▶ **Required work**:
An exact copy of the data below is needed; please leave out any pictures.

▶ **Supplied data**:

========

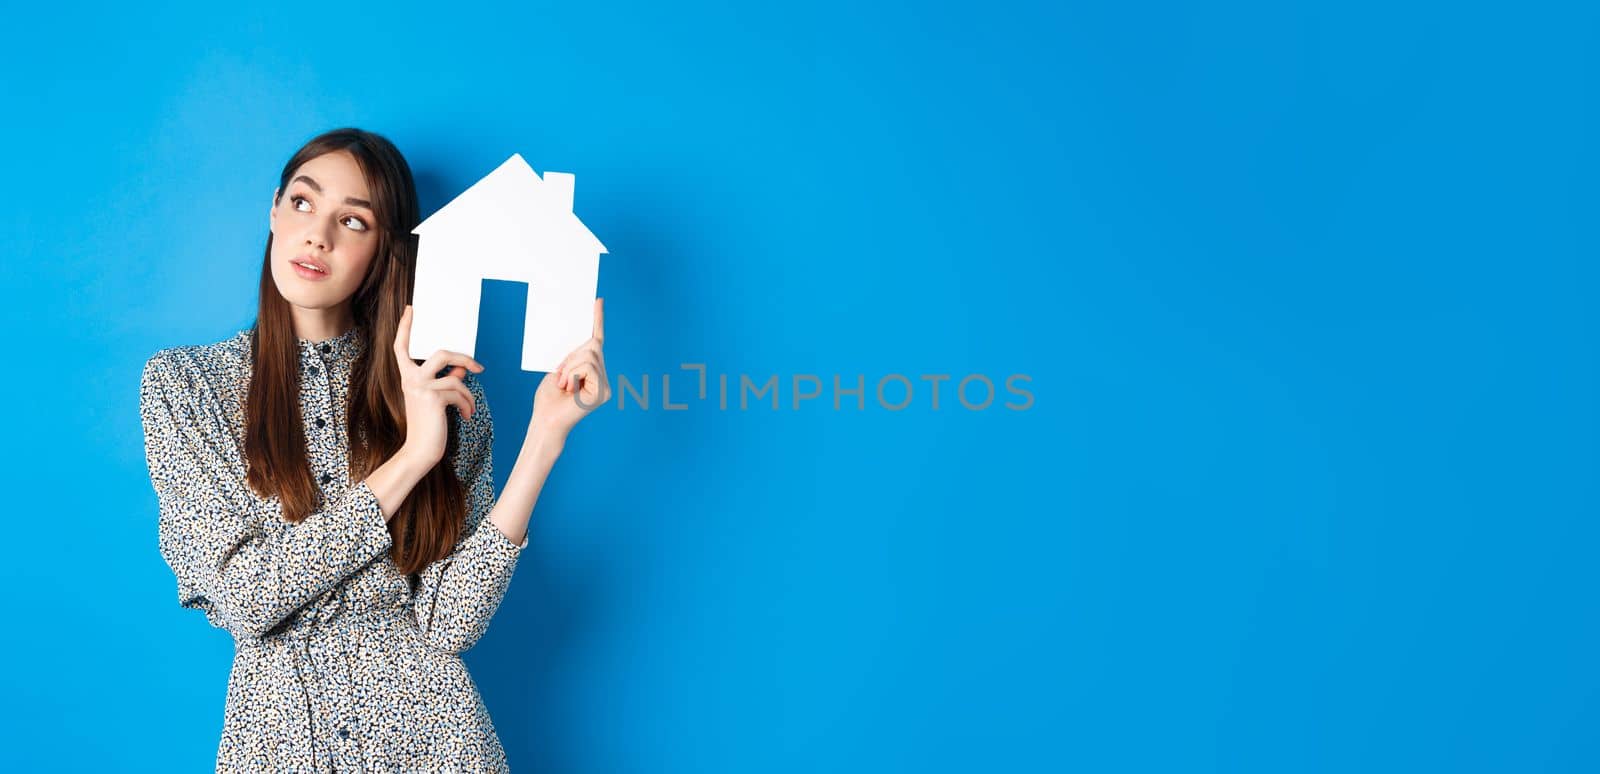 Real estate, realtors and insurance concept. Dreamy beautiful adult woman thinking of own house, showing paper home cutout and look aside at logo, standing against blue background.
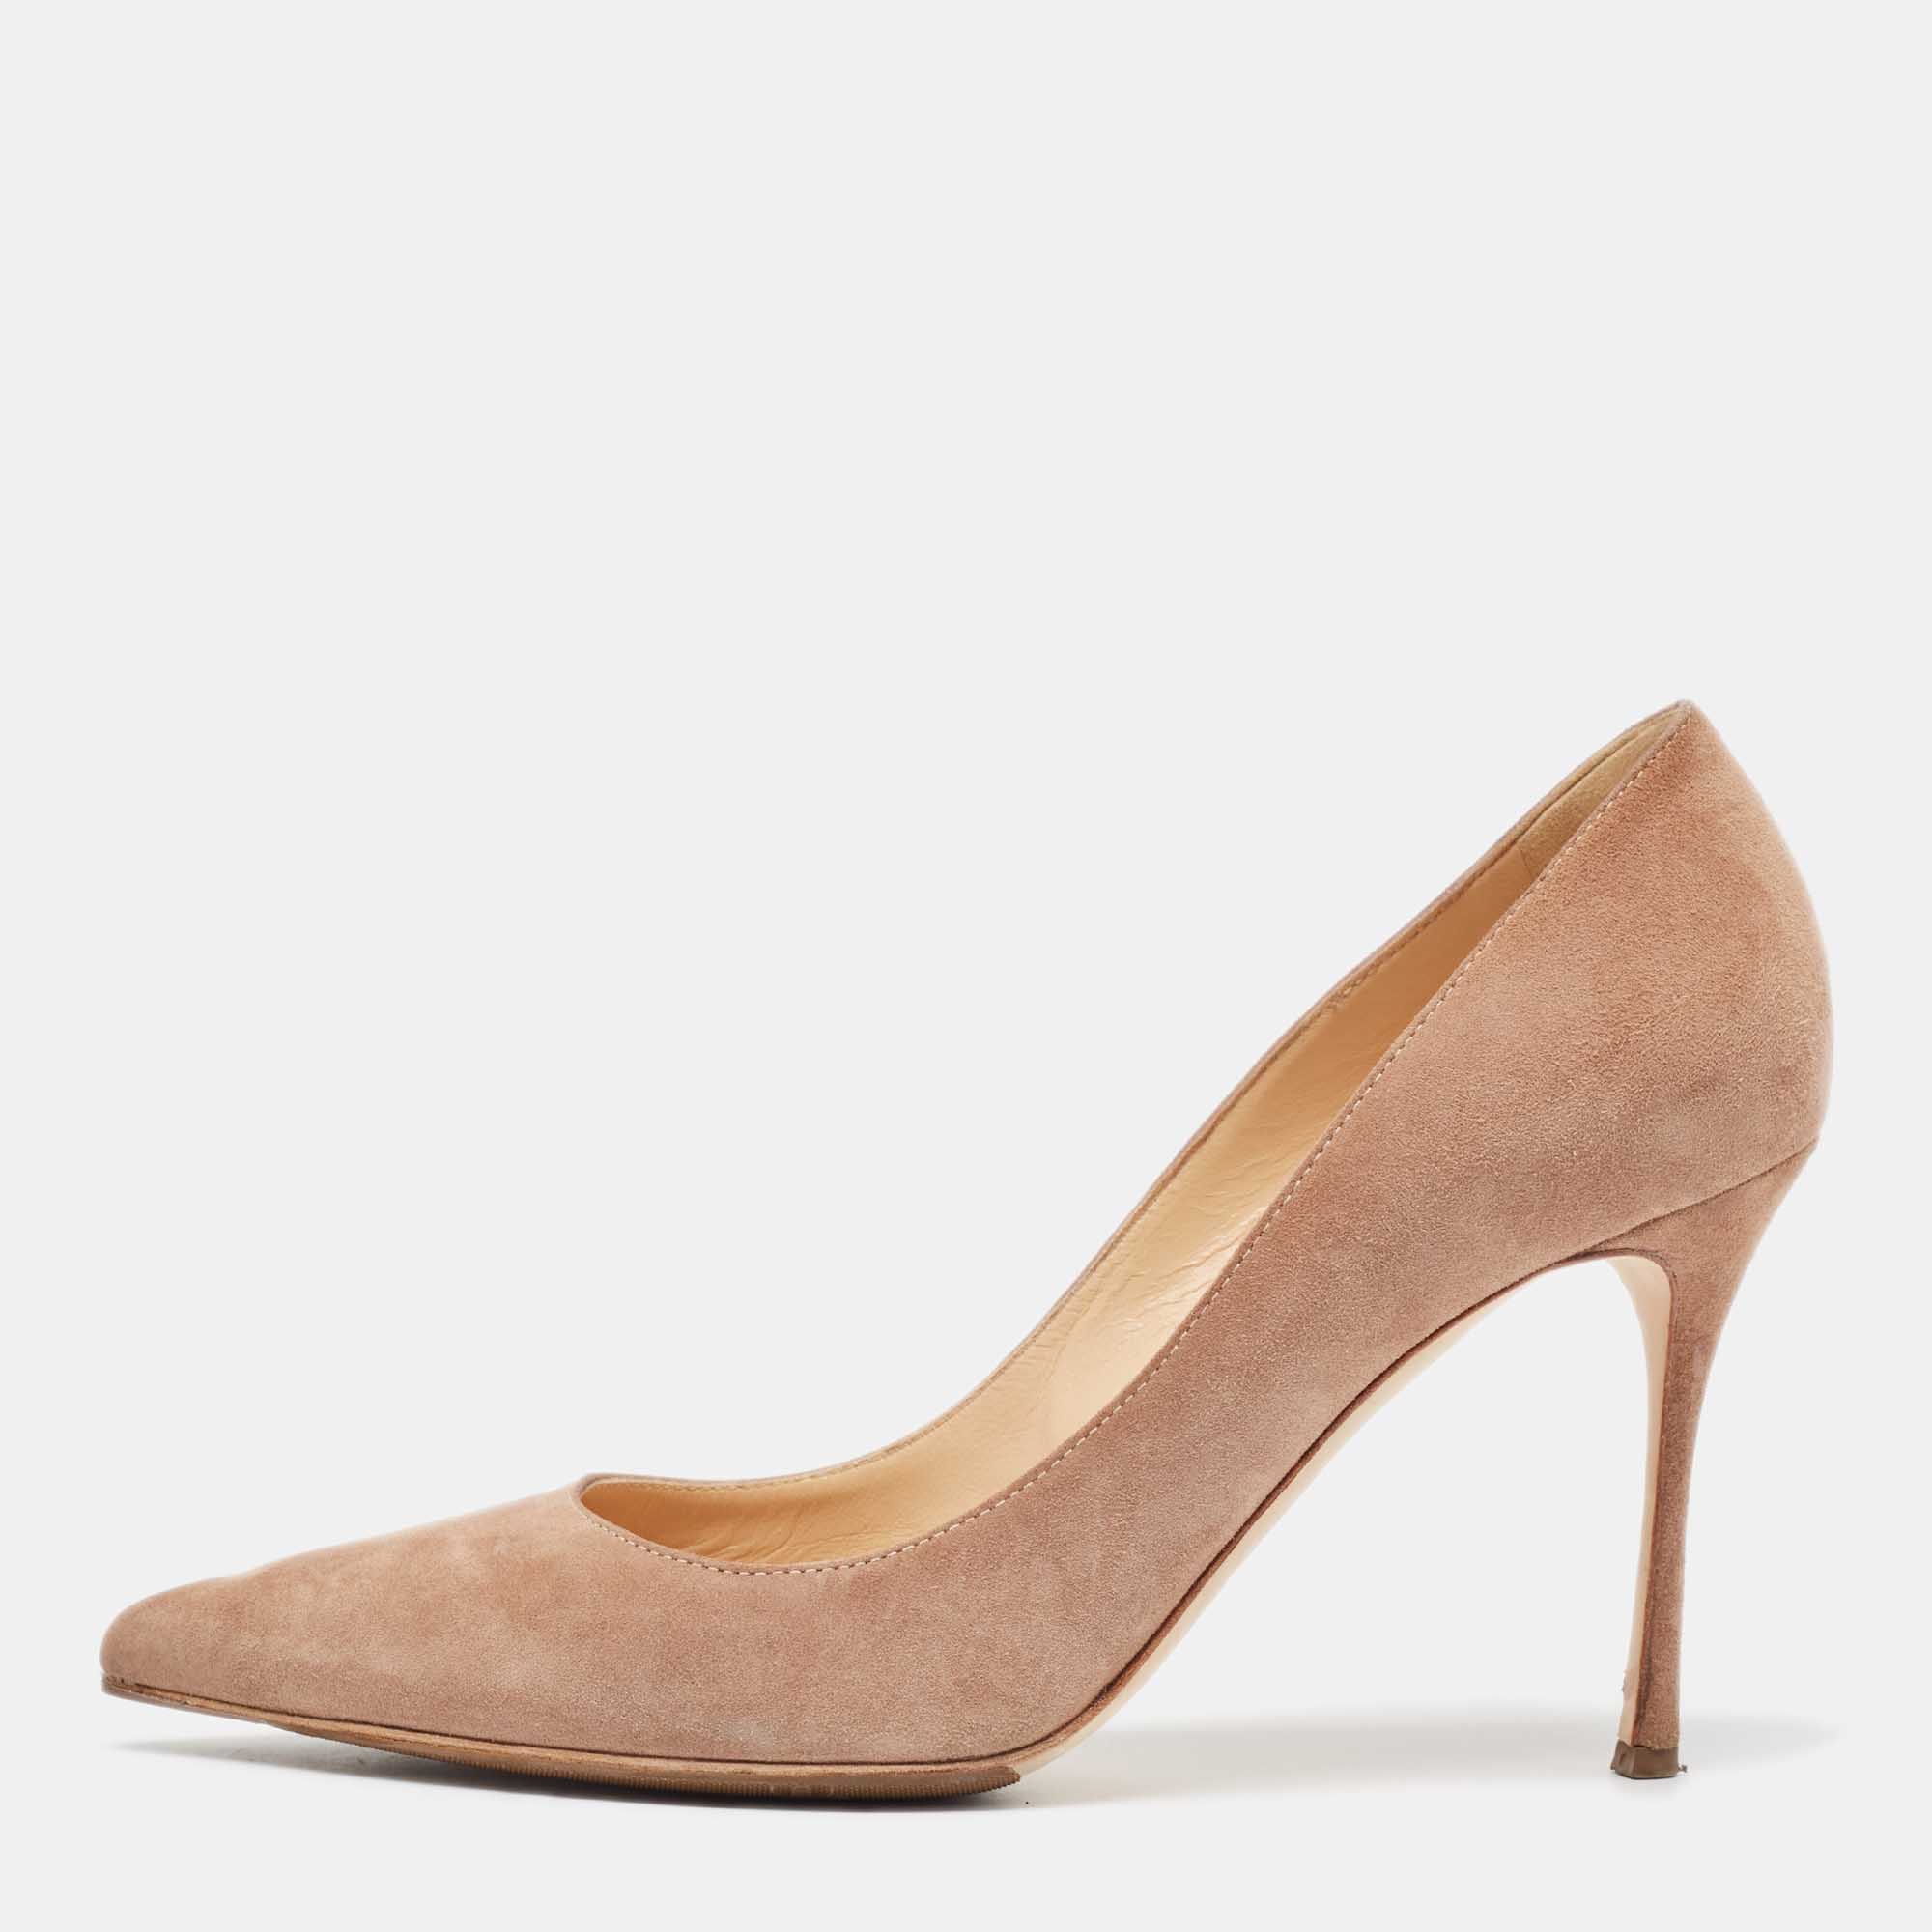 Sergio rossi beige suede pointed toe pumps size 39
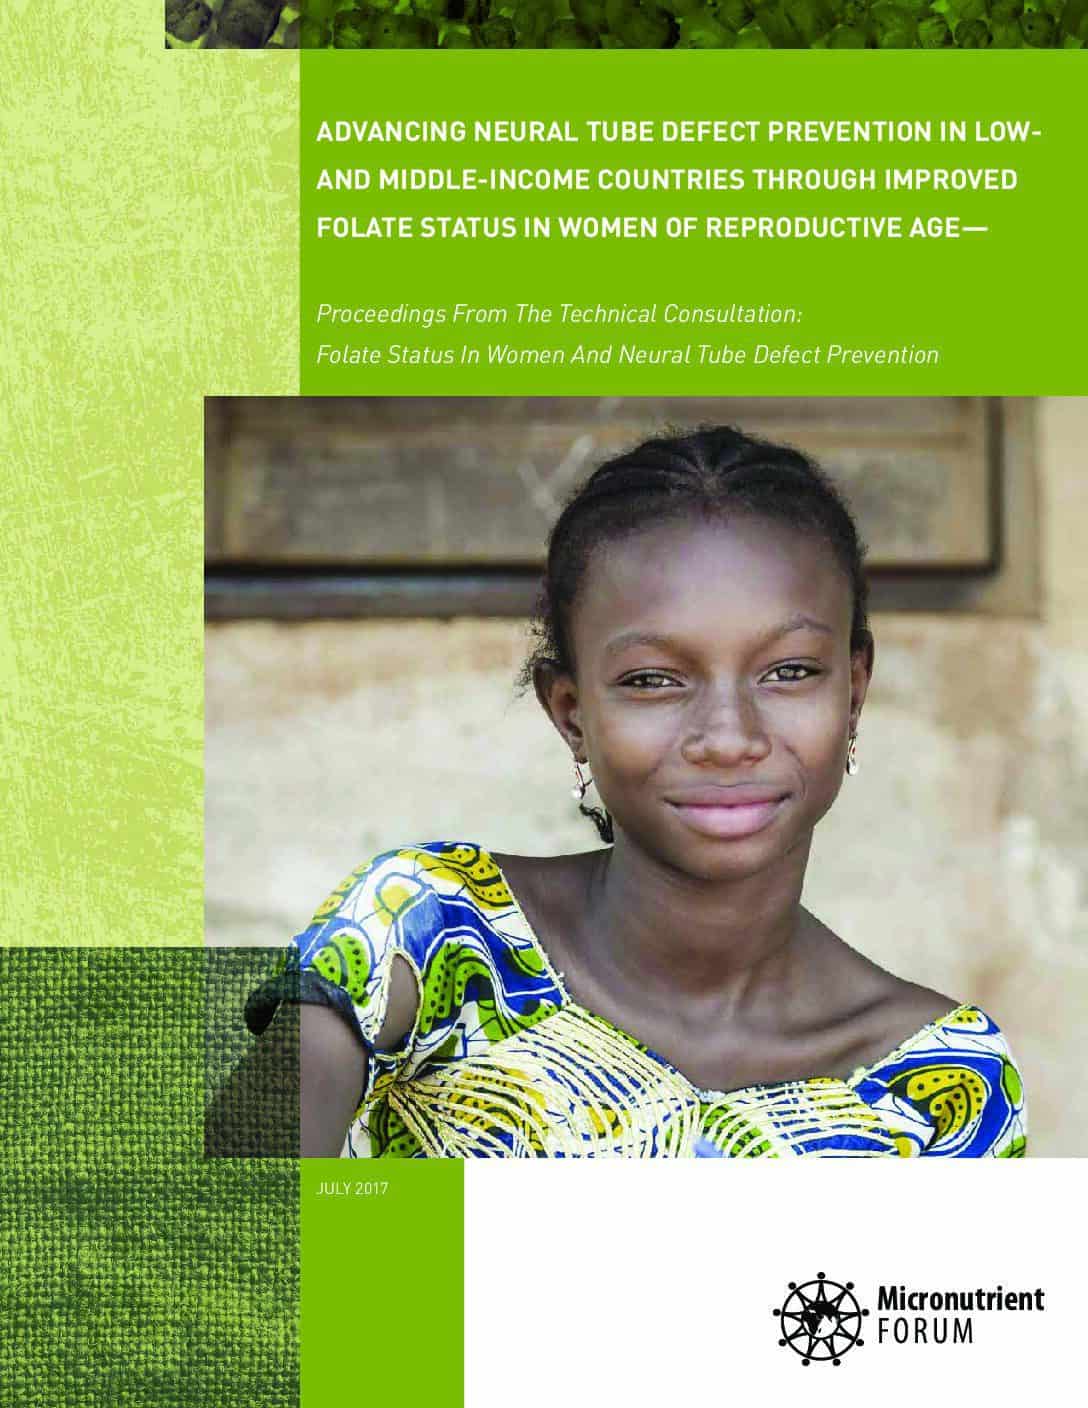 Advancing Neural Tube Defect Prevention in Low- and Middle-Income Countries through Improved Folate Status in Women of Reproductive Age- Proceedings from the Technical Consultation: Folate Status in Women and Neural Tube Defect Prevention thumbnail
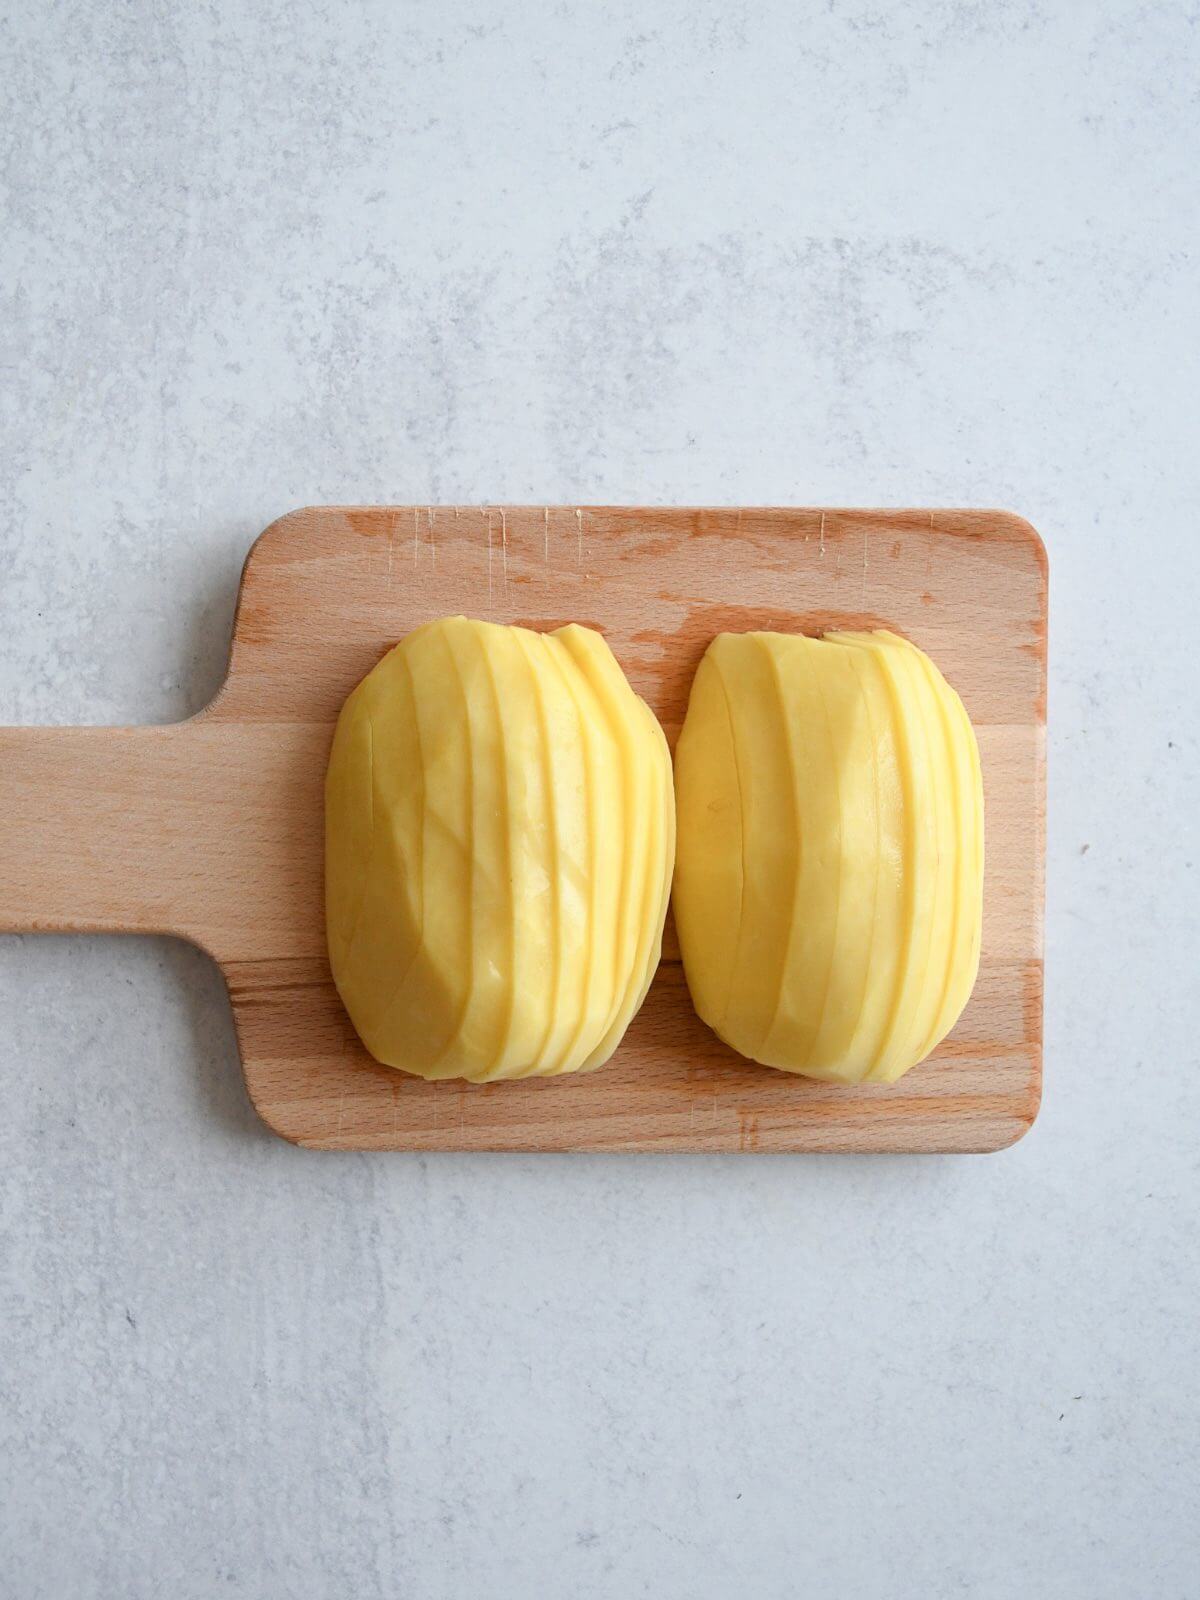 peeled potato cut in half lengthwise and cut into slices.

========

▶ **Response box**:
 Real estate, realtors and insurance concept. Dreamy beautiful adult woman thinking of own house, showing paper home cutout and look aside at logo, standing against blue background.
 Sergio rossi beige suede pointed toe pumps size 39
 Advancing Neural Tube Defect Prevention in Low- and Middle-Income Countries through Improved Folate Status in Women of Reproductive Age- Proceedings from the Technical Consultation: Folate Status in Women and Neural Tube Defect Prevention thumbnail
 peeled potato cut in half lengthwise and cut into slices.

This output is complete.